Lacunes et diversions de la Corporate Gouvernance : la réplique du modèle américain en France

La « gouvernance » est le terme largement employé pour décrire la morale économique et la concertation responsable de ses parties prenantes. Travailler sur la gouvernance créditerait l’entreprise d’une intention vertueuse et exemplaire. La gouvernance est un concept américain appliqué en France sans prendre en compte les codes, pratiques, rites et représentations françaises et sans faire preuve de créativité adaptatrice. Encore aujourd’hui la gouvernance est la vertu cardinale à suivre alors que son modèle a largement démontré ses lacunes et ses diversions.

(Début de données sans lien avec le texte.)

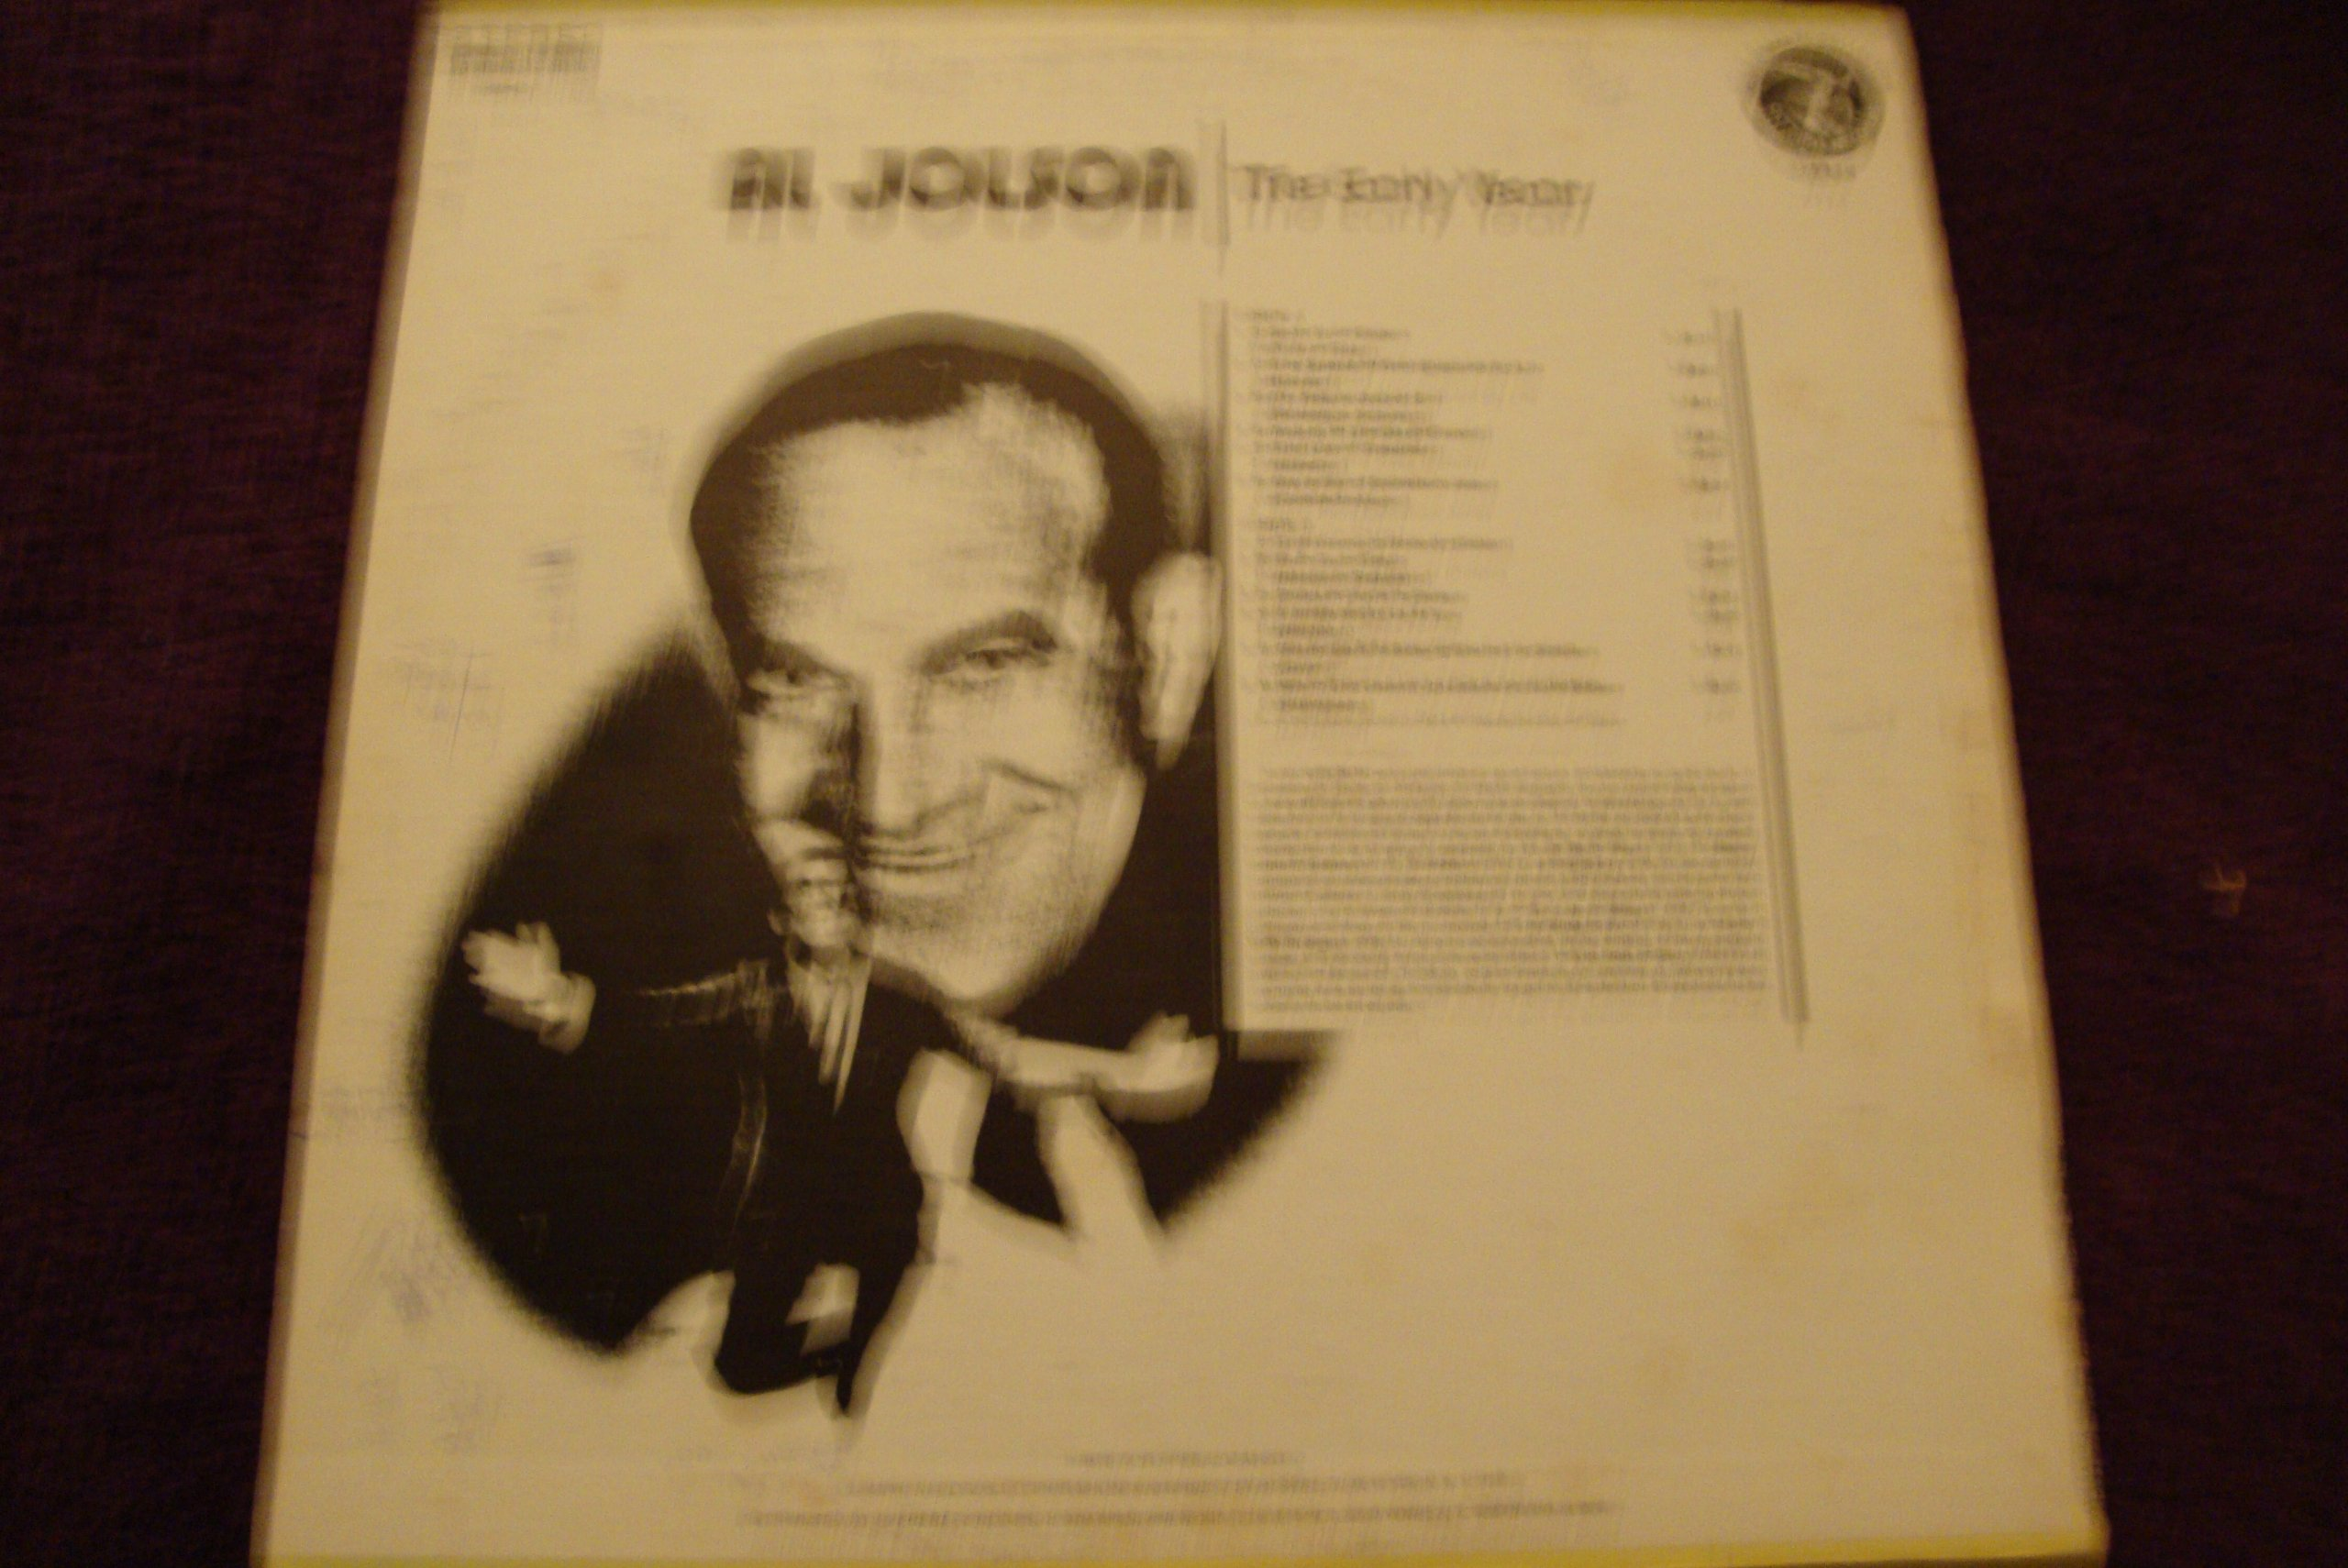 El verdadero jolson (los primeros años) LP
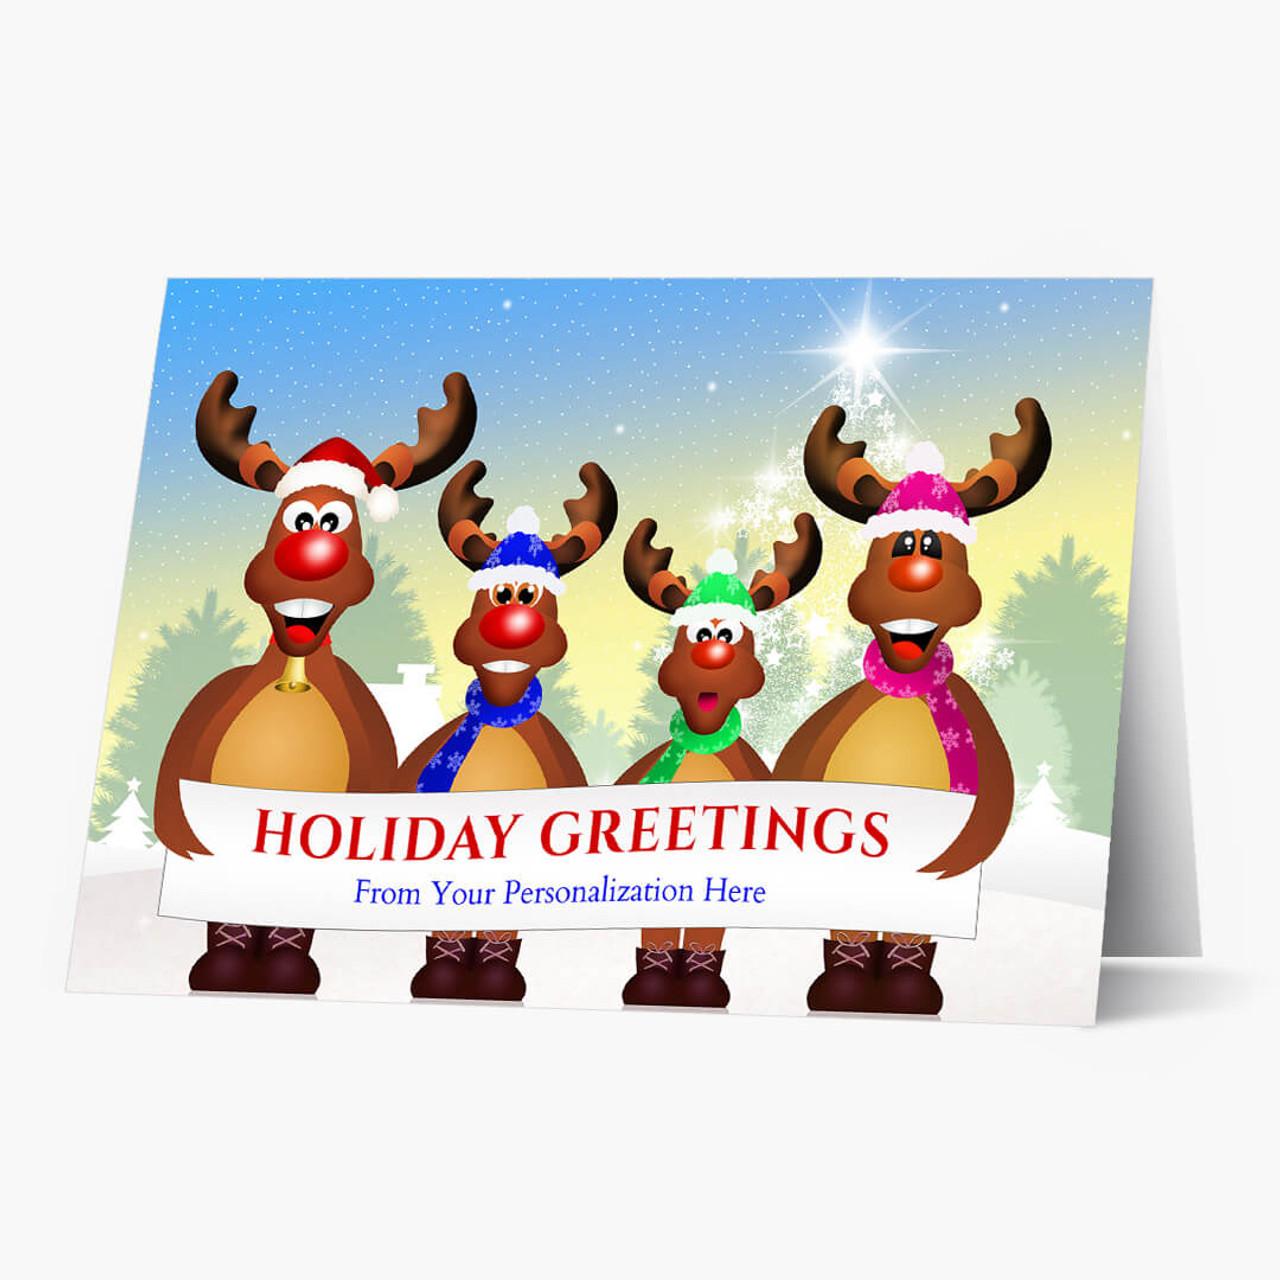 Group Greetings Christmas Card

En France, les privatisations et l’ouverture du marché aux investisseurs étrangers ont favorisé le rapide développement d’un nouvel actionnariat, souvent peu familier des règles et des pratiques de fonctionnement des conseils d’administration des sociétés cotées françaises. Ainsi, les actionnaires américains ont demandé de décliner le principe de « corporate governance » qui s’est imposé non seulement en France mais aussi dans le monde, générant ainsi les critères de gestion, les règles comptables et les principes de valorisation d’une entreprise. En France, ce sont les Rapports Viénot de 1995 et 1999 qui détaillent ces nouveaux codes de la « bonne » gouvernance à respecter. La valeur actionnariale a donc primé sur les investissements productifs et la création des capacités futures. La progression du taux de rendement global des actions s’est alors faite au détriment du développement de la capacité d’innovation et de la progression de la justice sociale. A titre d’exemple, les entreprises américaines ont dépensé de 30 à 80% de leurs bénéfices annuels pour soutenir leur cours de bourse, mais en sacrifiant les investissements. Les entreprises américaines ont cependant une capacité de résilience et d’adaptation opportuniste qui leur permette de passer (d’expérimenter) à un autre modèle… ce que n’ont pas les entreprises françaises.